Тут мы покидаем мечеть Гур-и Эмир, и, так как, по словам нашего комика, уже время «причаливать», арба спешно доставляет нас к вокзалу.
Что касается меня, то, несмотря на неуместные замечания супругов Катерна, я глубоко проникся чувством местного колорита, которое создают чудесные памятники
Самарканда.
Но вдруг я был внезапно и грубо возвращен к действительности. По улице, да, по соседней с вокзалом улице, в центре столицы Тамерлана ехали двое велосипедистов.
– Смотрите, смотрите! – закричал комик. – Халаты на колесах!
Действительно, это были таджики или узбеки!
Теперь оставалось только покинуть древний город, оскорбленный шедеврами механического передвижения, что и сделал наш поезд в восемь часов вечера.
ГЛАВА 13
А через час мы уже сидели за обедом. В вагоне-ресторане появились новые лица и среди них два негра.
– Никто из этих пассажиров дальше русско-китайской границы не поедет, – сказал мне Попов.
– Тем лучше, значит, они не должны меня интересовать.
За обеденным столом собрались все мои двенадцать номеров (думаю, что больше их не будет). Я замечаю, что майор Нольтиц не перестает наблюдать за Фарускиаром.
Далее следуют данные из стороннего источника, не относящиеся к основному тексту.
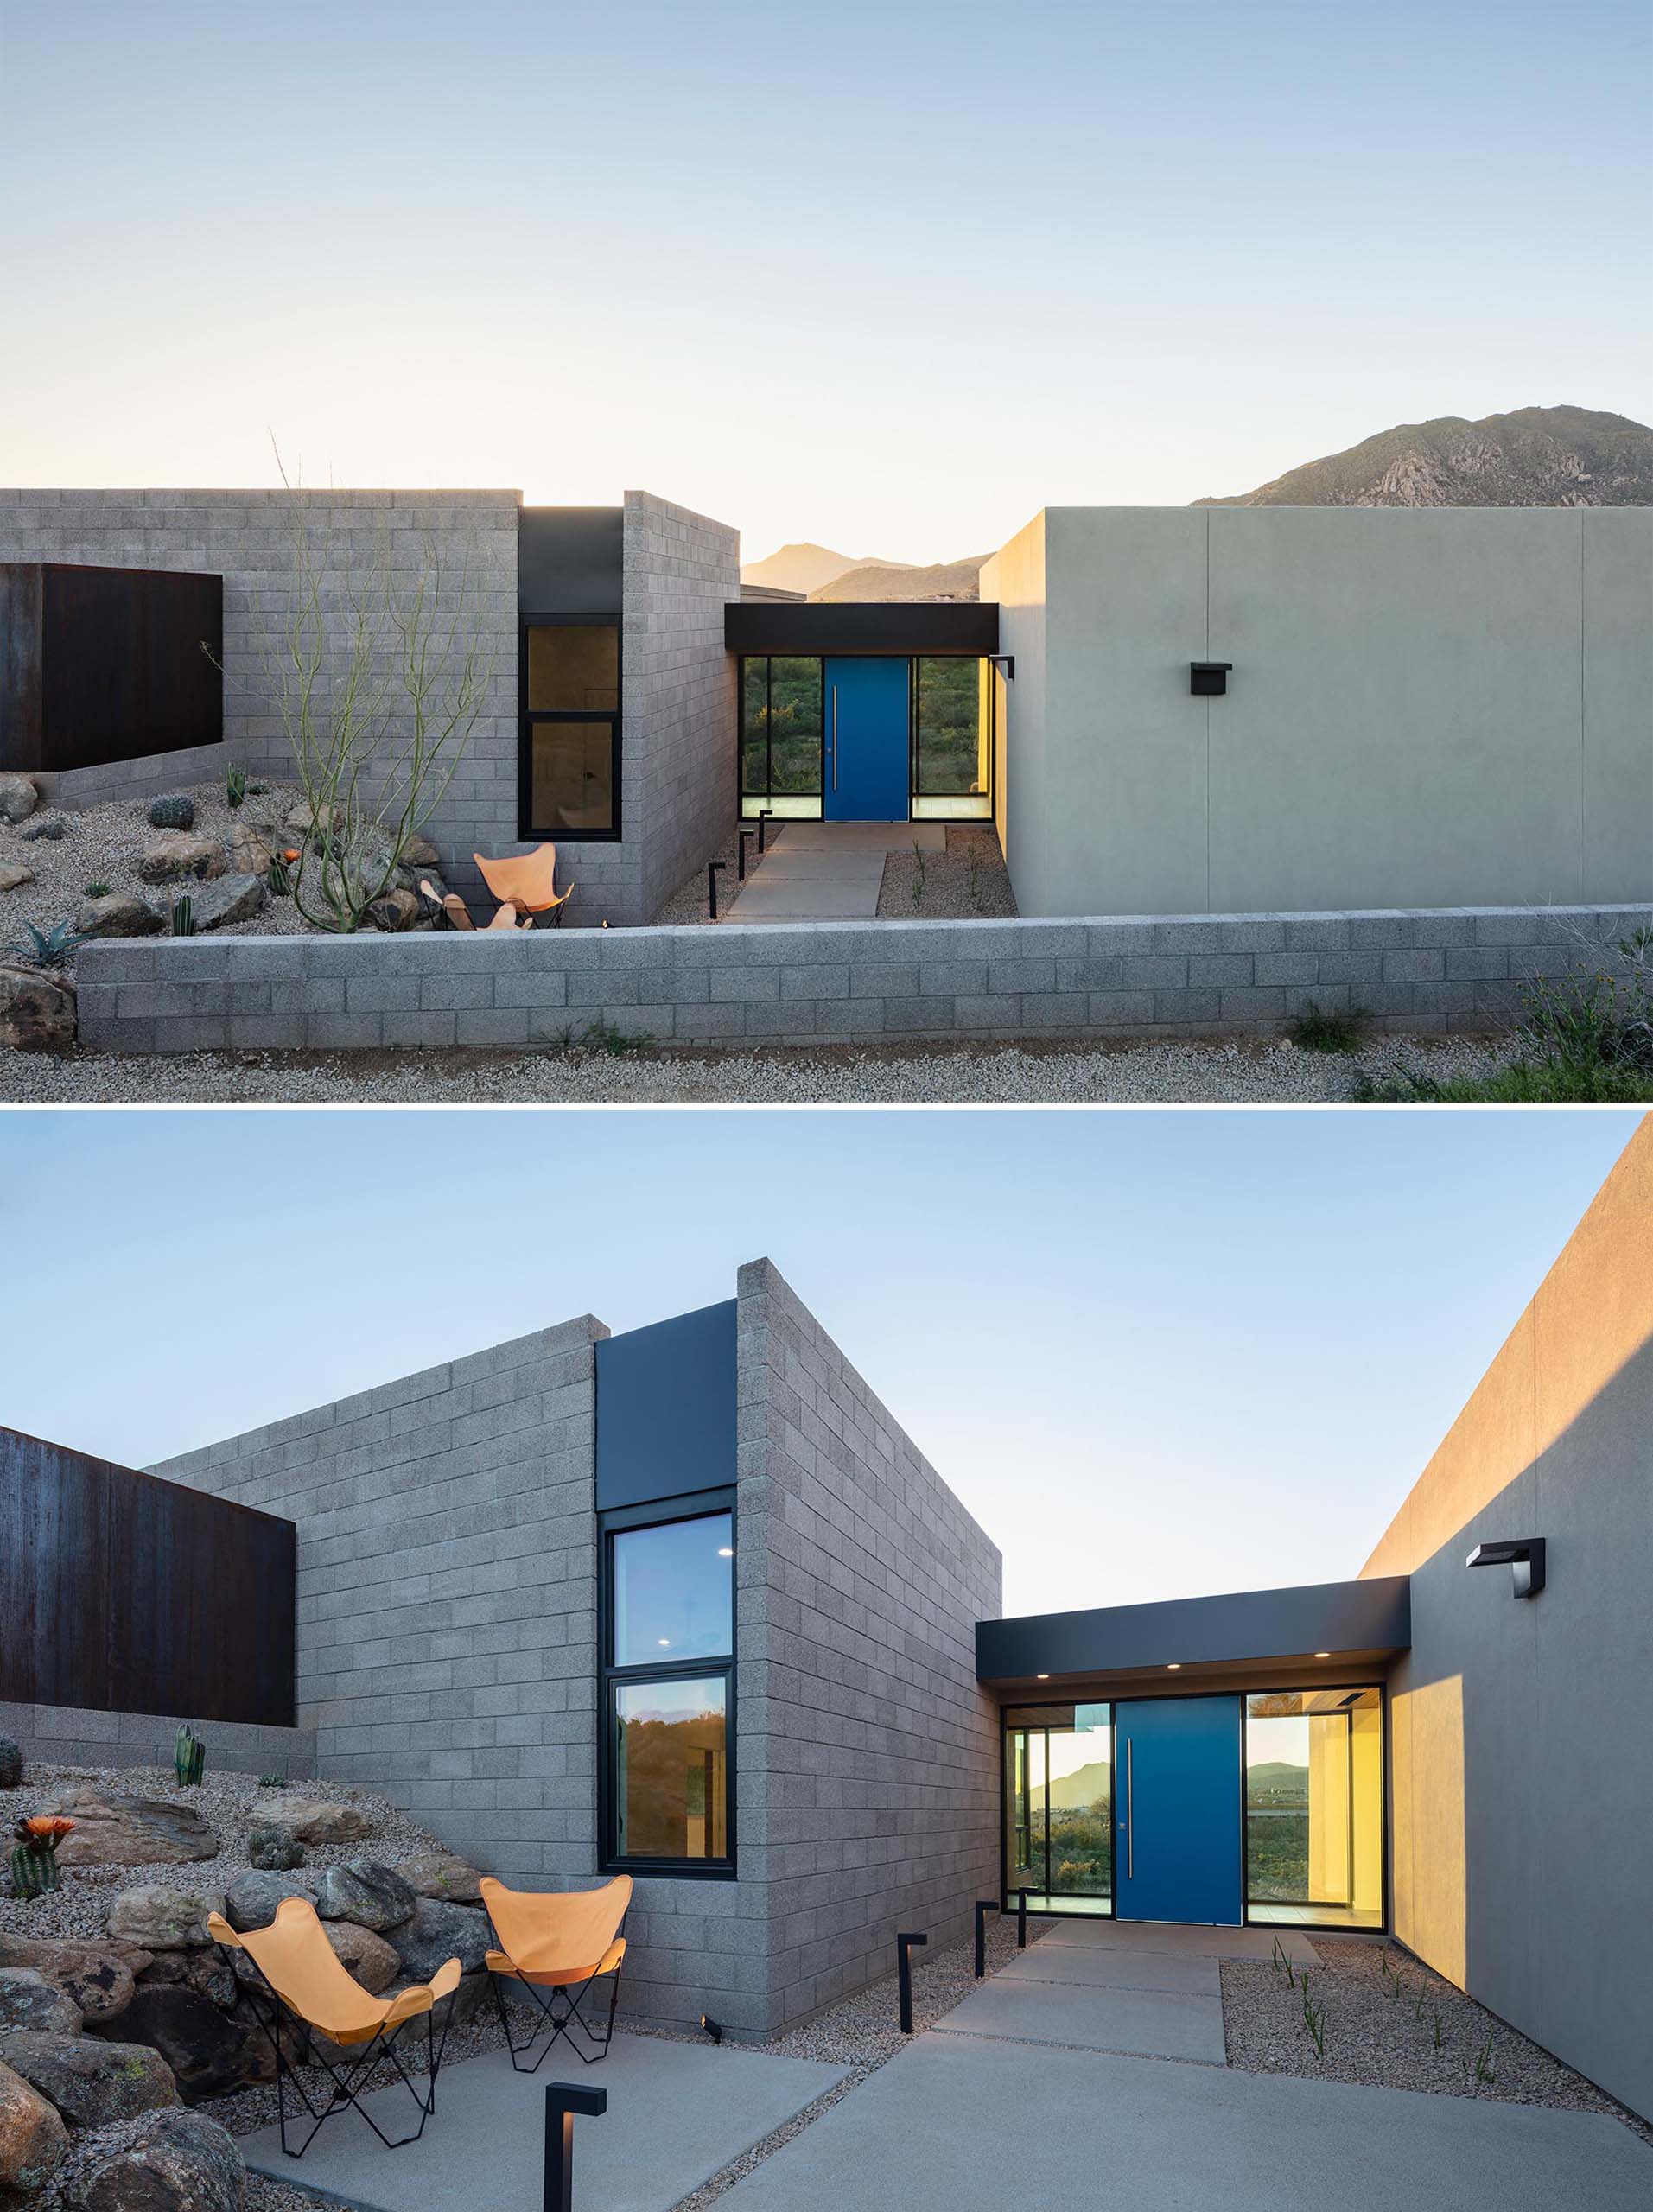 Вход в этот современный дом в пустыне, который выделяется ярко-синей вращающейся входной дверью, соединяет фойе, вход в гараж и доступ в гостевую зону через стеклянный «мост».

Разве он его в чем-нибудь подозревает? Не показалось ли ему странным, что Фарускиар, по-видимому, знаком с тремя монголами, едущими во втором классе, но почему-то старается это утаить? Не заработало ли воображение майора так же деятельно, как и мое, и не принял ли он всерьез мою шутку? Вполне естественно, если я, журналист и хроникер, ловец сенсаций, которых каждый понедельник так настойчиво требует от меня мой друг Сарсей, захотел увидеть в этом таинственном персонаже соперника знаменитого Ки Цзана, если и не самого Ки Цзана. Но кто бы мог поверить, что он, серьезный человек, русский военный врач, придает значение таким фантастическим измышлениям! Ну, об этом мы еще поговорим…
Впрочем, я вскоре и думать забыл о подозрительном монголе, вернувшись мысленно к человеку в ящике, на котором теперь должно сосредоточиться все мое внимание.
Какую бы я ни чувствовал усталость после длительной прогулки по Самарканду, я обязательно найду случай навестить его этой ночью.
После обеда все разошлись по своим местам с намерением поспать до Ташкента.
Самарканд и Ташкент разделены расстоянием в триста километров. Поезд прибудет туда не раньше семи часов утра и за весь перегон остановится только на трех промежуточных станциях, чтобы запастись водой и топливом.
Все как будто благоприятствует выполнению моего плана!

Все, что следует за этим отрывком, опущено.